Commonwealth village 'prepared' for Canadians

QMI Agency

, Last Updated: 7:11 PM ET

Despite ongoing reports of the athletes' village abysmal conditions, the president of Commonwealth Games Canada said the Delhi facilities are good enough to welcome the first Canadian athletes on Monday.

Andrew Pipe, president of the CGC, said in a Sunday conference call that "we are totally prepared for the arrival of our athletes tomorrow. We have beds, and facilities are adequate."

Ninety beds have been inspected and cleared with another 30 beds waiting to be checked.

This differs greatly from a week ago when conditions of the athletes'

accommodations were deemed unacceptable, with sanitation concerns being the biggest issue. In response to the criticism, Indian contractors brought in extra cleaning staff to make sure the facilities were up to par by the time athletes started arriving this week.

Pipe said since then the Canadians have received building and fire safety certificates, confirmation that the elevators are working and have hired people from their own staff to guard the main entrance of the building.

However, Pipe says that some smaller participating nations like Malaysia, Botswana and countries in the Caribbean do not have the ability to send people beforehand to inspect the athletes' rooms.

"We are advocating on their behalf," said Pipe who has been receiving daily updates about the athletes' village from India. "We want to stress to the Indian organizers and the government their fundamental responsibility to ensure the safety of the games association."

Martha Deacon, chef de mission for team Canada, added that she was briefing chefs in Caribbean countries about what to expect once they land in India.

"We are on a cooperative venture. Ultimately every country wants their athletes to be successful in any country they're in," she said from Cambridge, Ont.. "When we work for one country we work for all of them."

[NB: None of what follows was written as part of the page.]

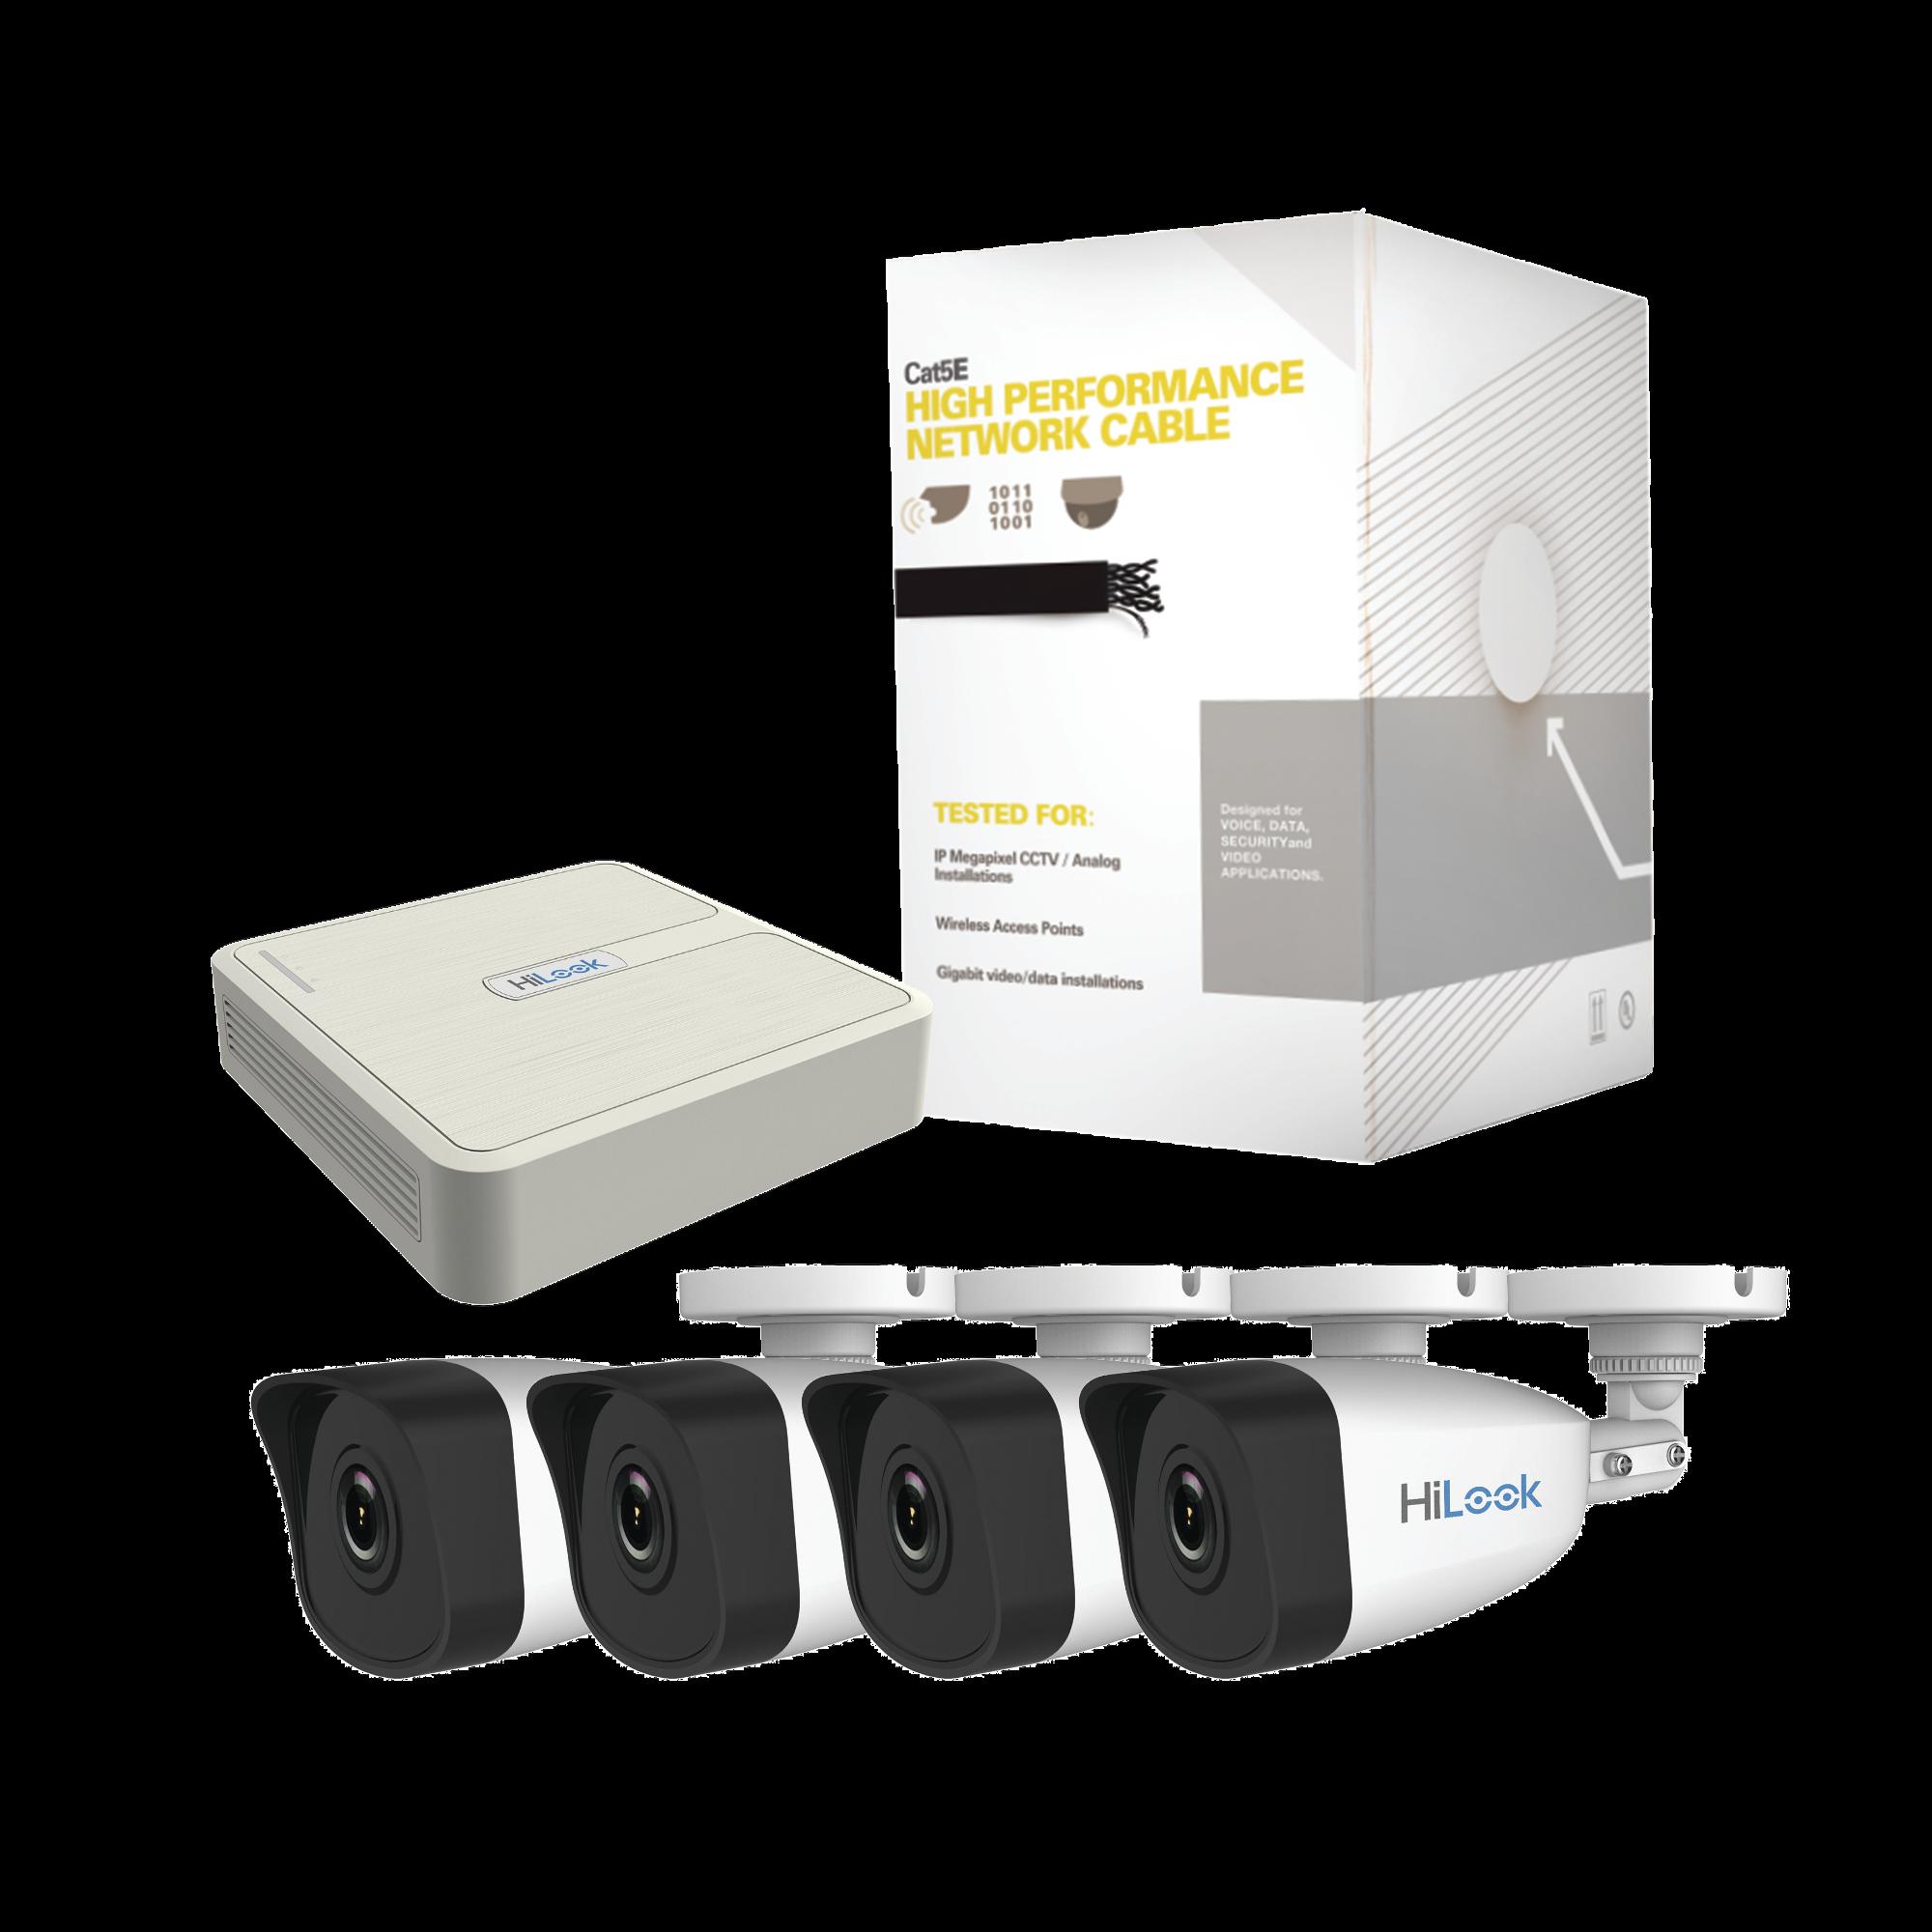 Kit IP de 4 Canales de 1 Megapixel / NVR de 4 Canales + 4 Cámaras IP + Bobina de Cable de 100 mts

But even though Pipe is optimistic about the games, he said the indifference organizers have expressed about many of the problems at the games was "stupefying."

"All of us are frustrated and it's embarrassing to have to indicate these deficiencies that have not been addressed," he said, adding that while many international sporting events run into last-minute problems, he has never seen anything like this.

A number of athletes have already pulled out of the games citing health and safety concerns. Last week, two Canadian archers decided not to compete and, on Sunday, another two Australian athletes announced that they will not compete. There have also been reports that a South African team member found a snake in one of the athlete's rooms.

"This is an experience no games organization wants to repeat," said Pipe.

The CGC's support staff were scheduled to arrive in India Sunday while the first group of athletes were to arrive Monday. Both Pie and Deacon will be in India later in the week. The games commence on Oct. 3.